#### The task:
Aside from the pictures, copy the listing exactly.

#### Stored data:
▽

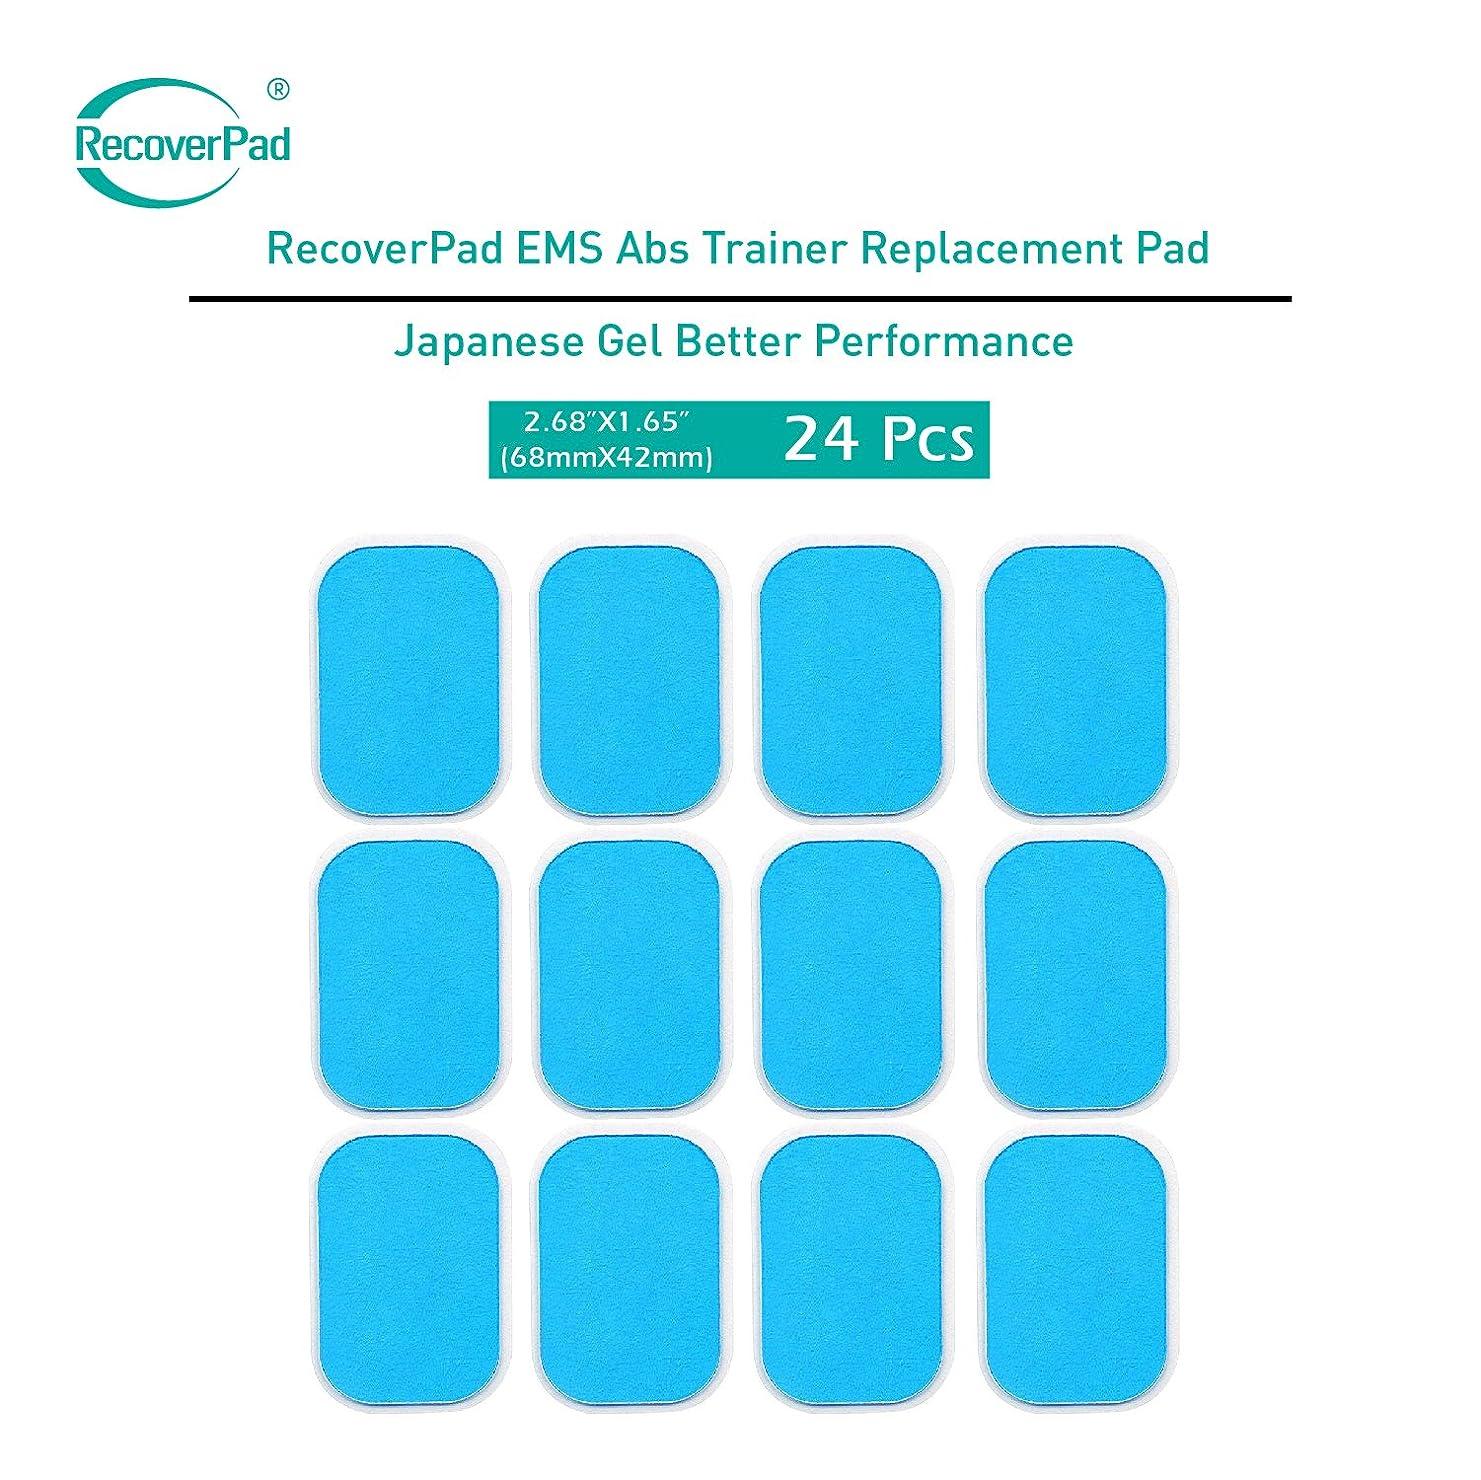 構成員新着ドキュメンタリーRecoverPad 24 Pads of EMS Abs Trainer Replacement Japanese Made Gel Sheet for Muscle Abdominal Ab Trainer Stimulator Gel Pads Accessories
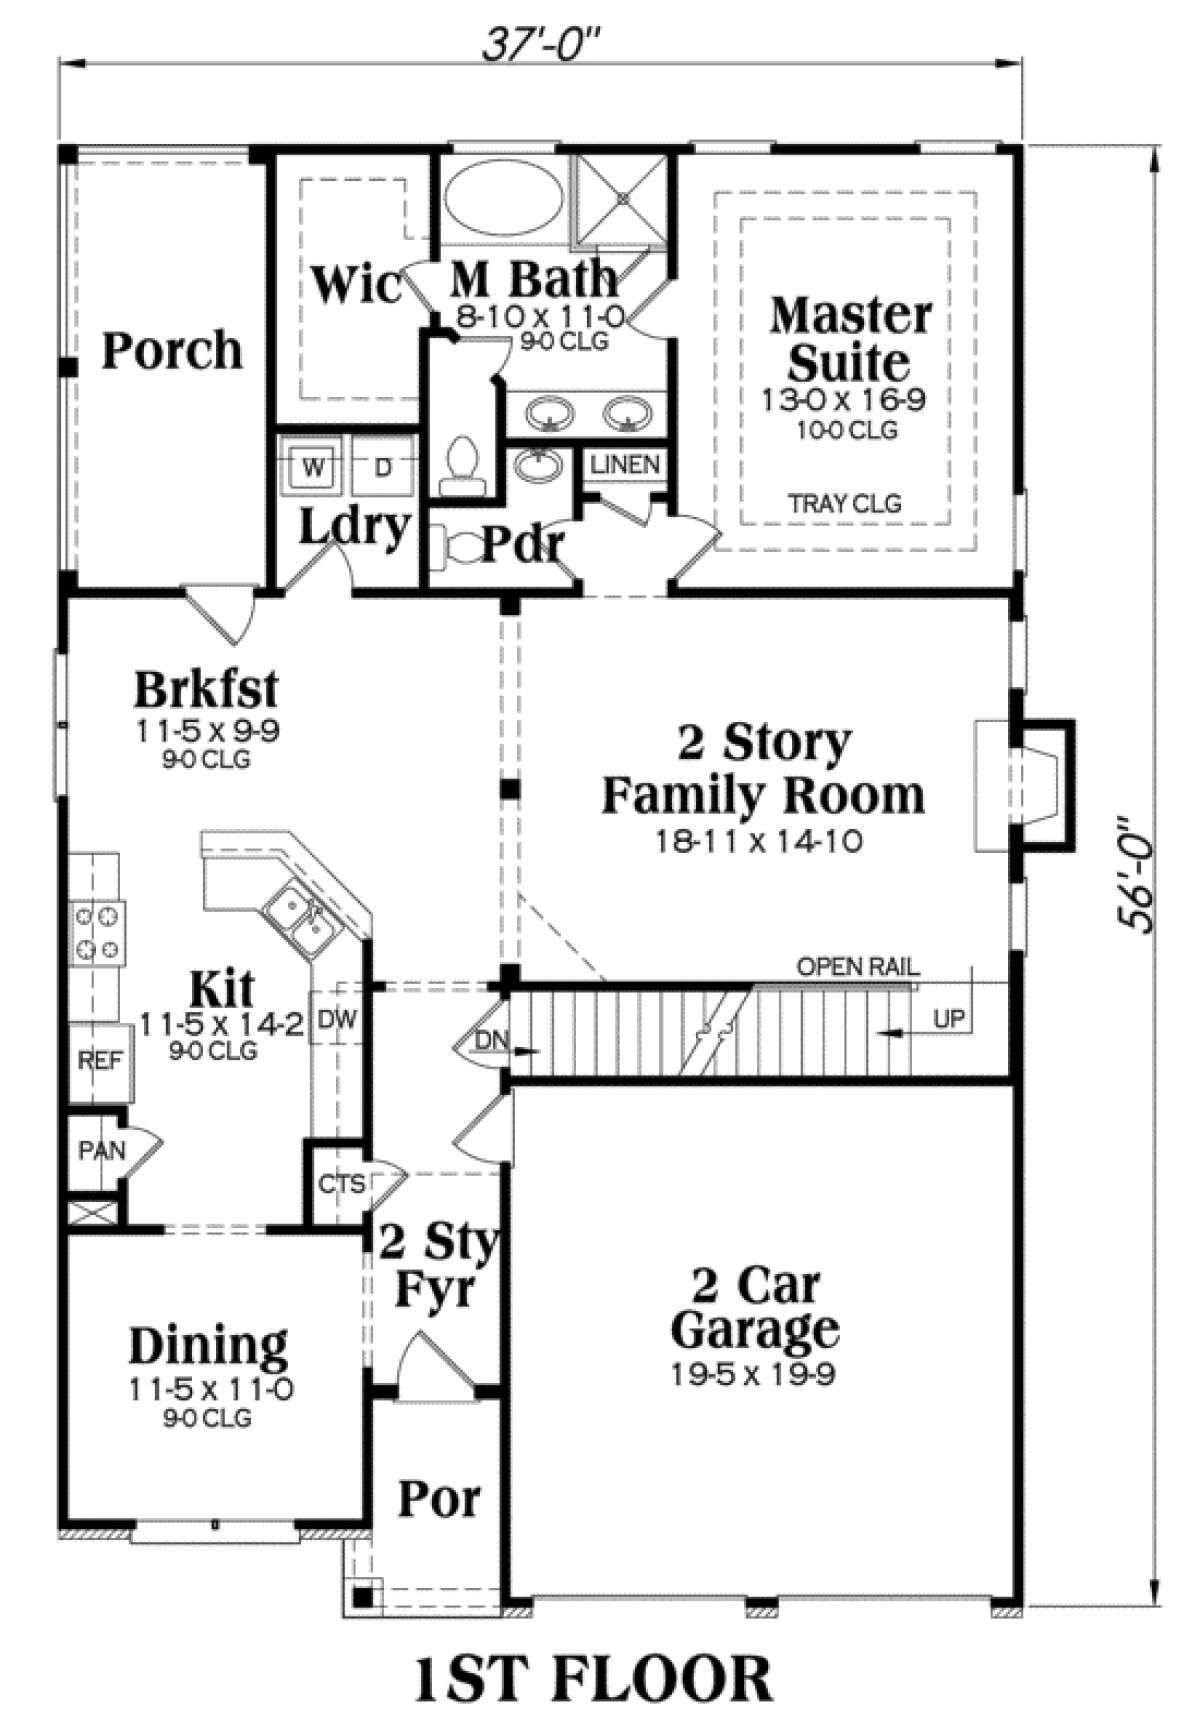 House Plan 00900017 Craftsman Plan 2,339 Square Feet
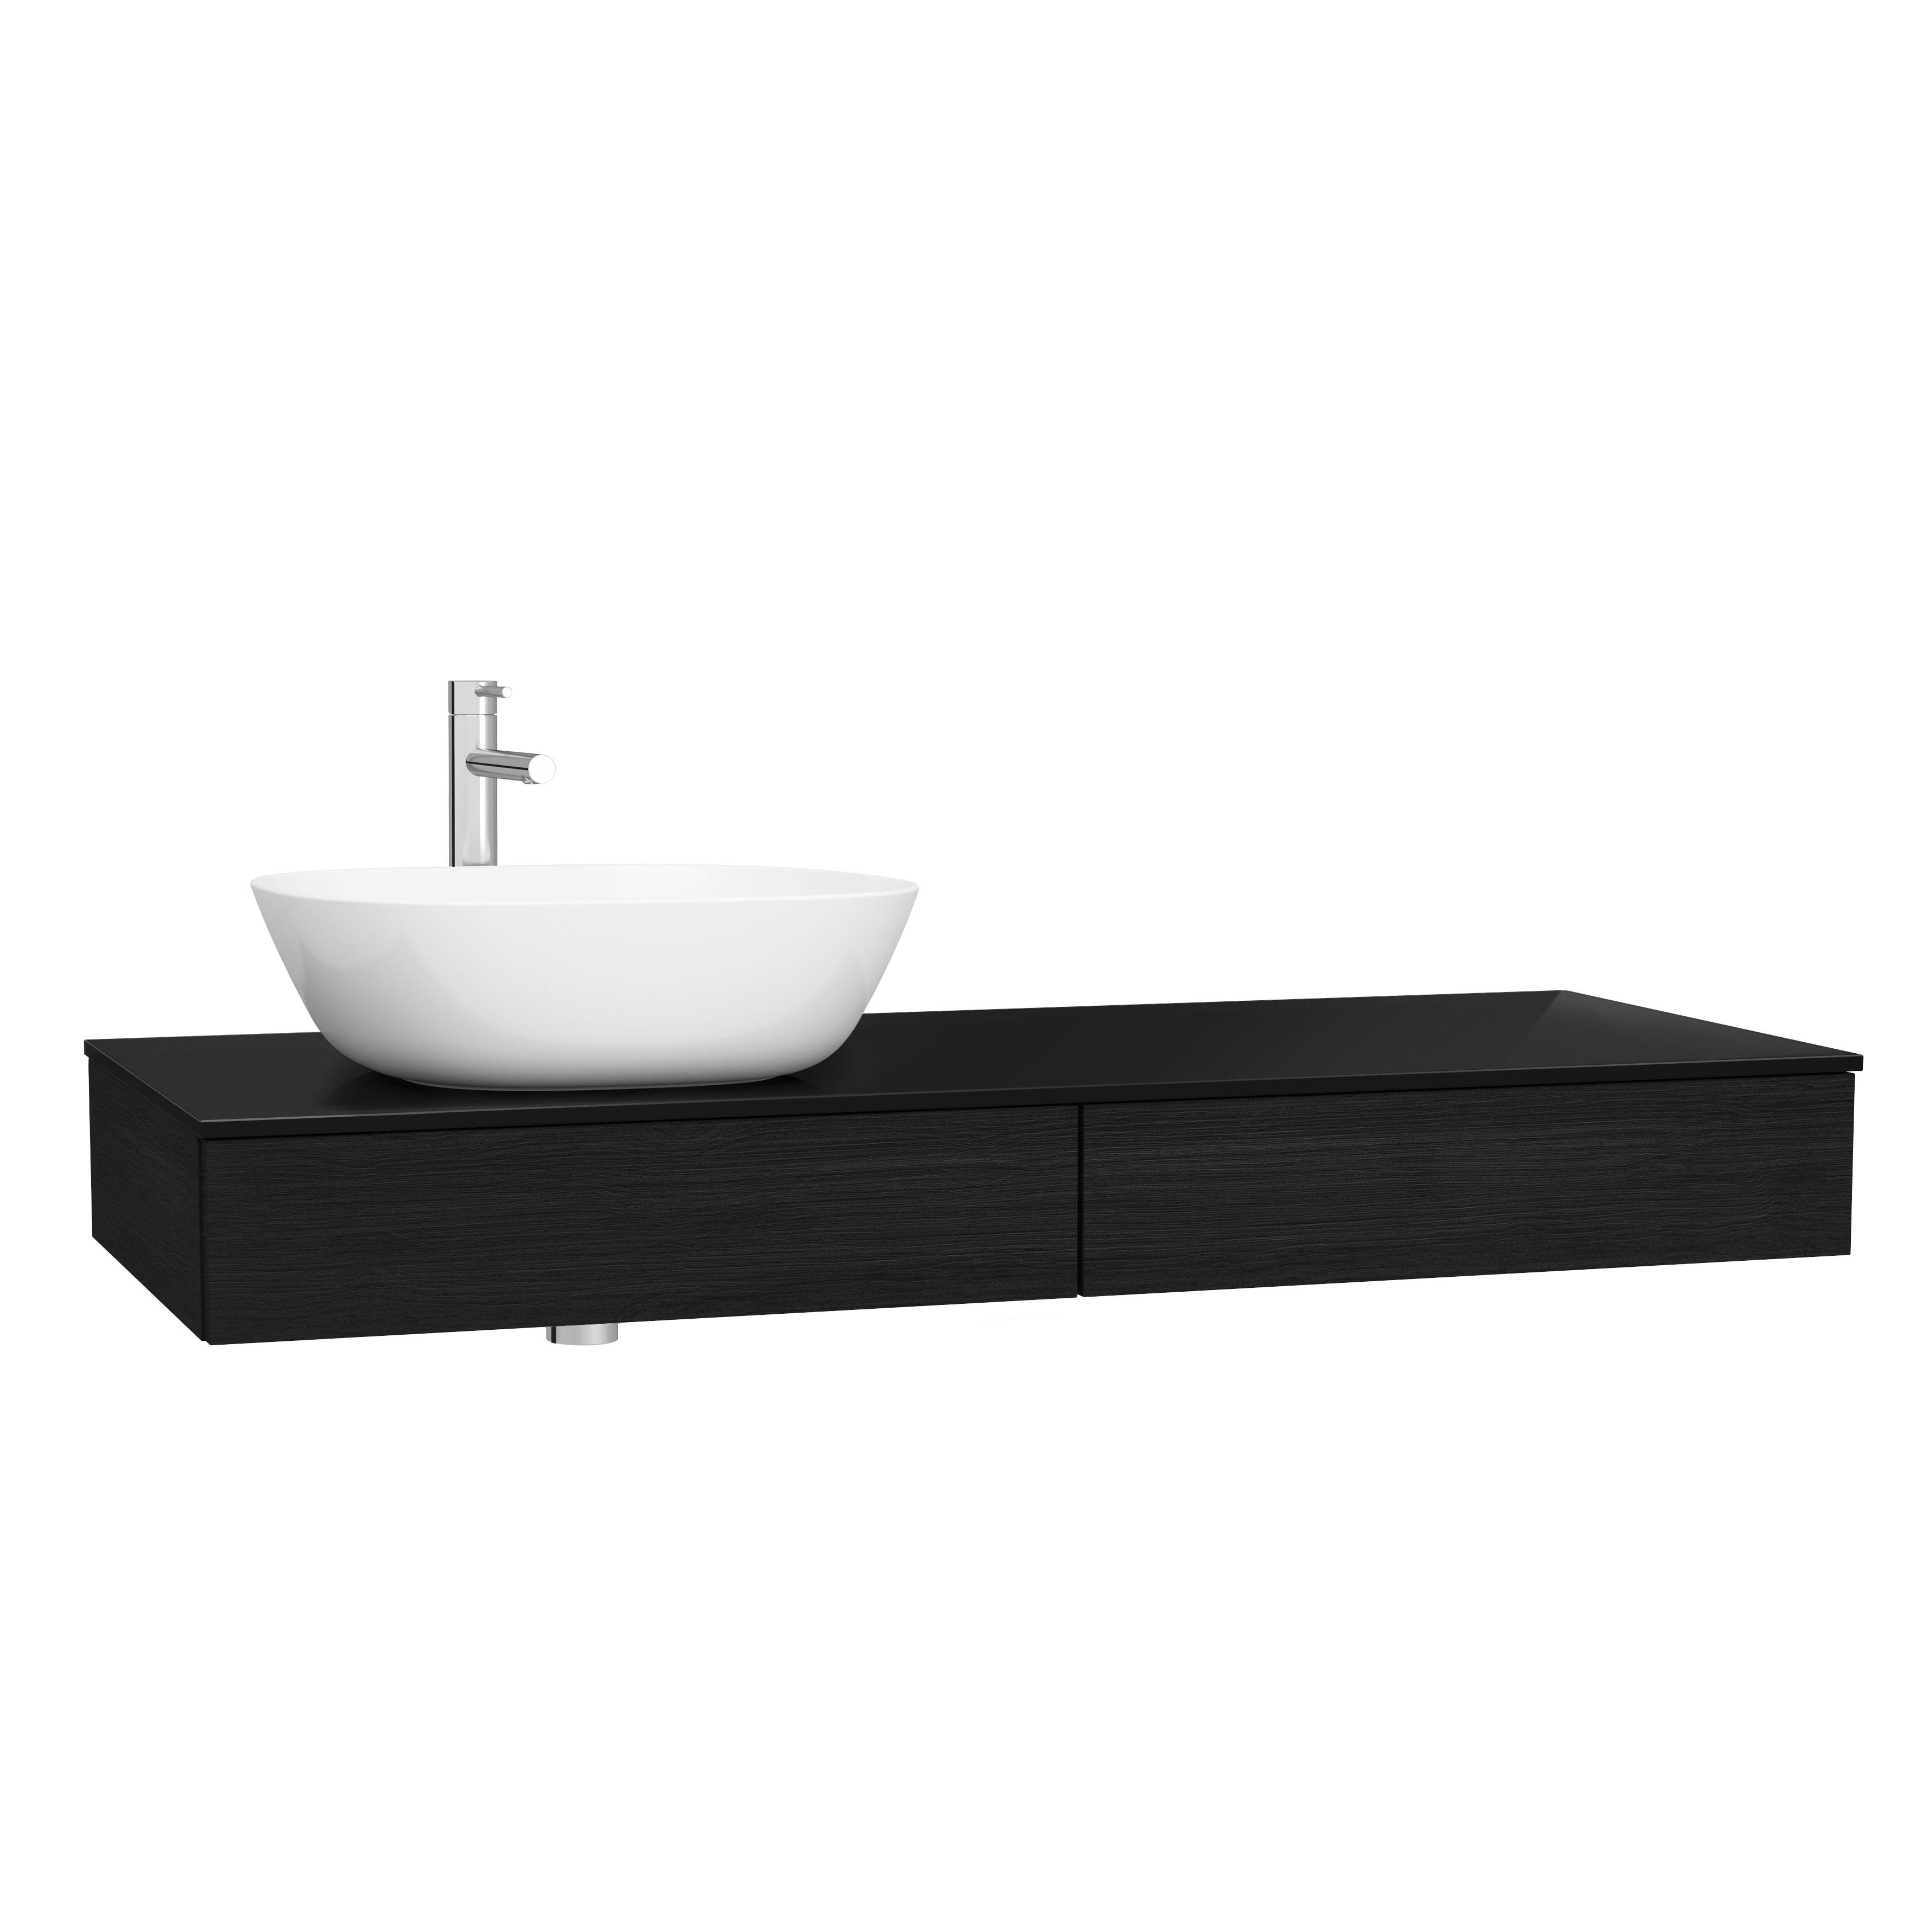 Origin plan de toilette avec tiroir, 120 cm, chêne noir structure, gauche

△

#### Output:
 構成員新着ドキュメンタリーRecoverPad 24 Pads of EMS Abs Trainer Replacement Japanese Made Gel Sheet for Muscle Abdominal Ab Trainer Stimulator Gel Pads Accessories
 House Plan 00900017 Craftsman Plan 2,339 Square Feet
 Origin plan de toilette avec tiroir, 120 cm, chêne noir structure, gauche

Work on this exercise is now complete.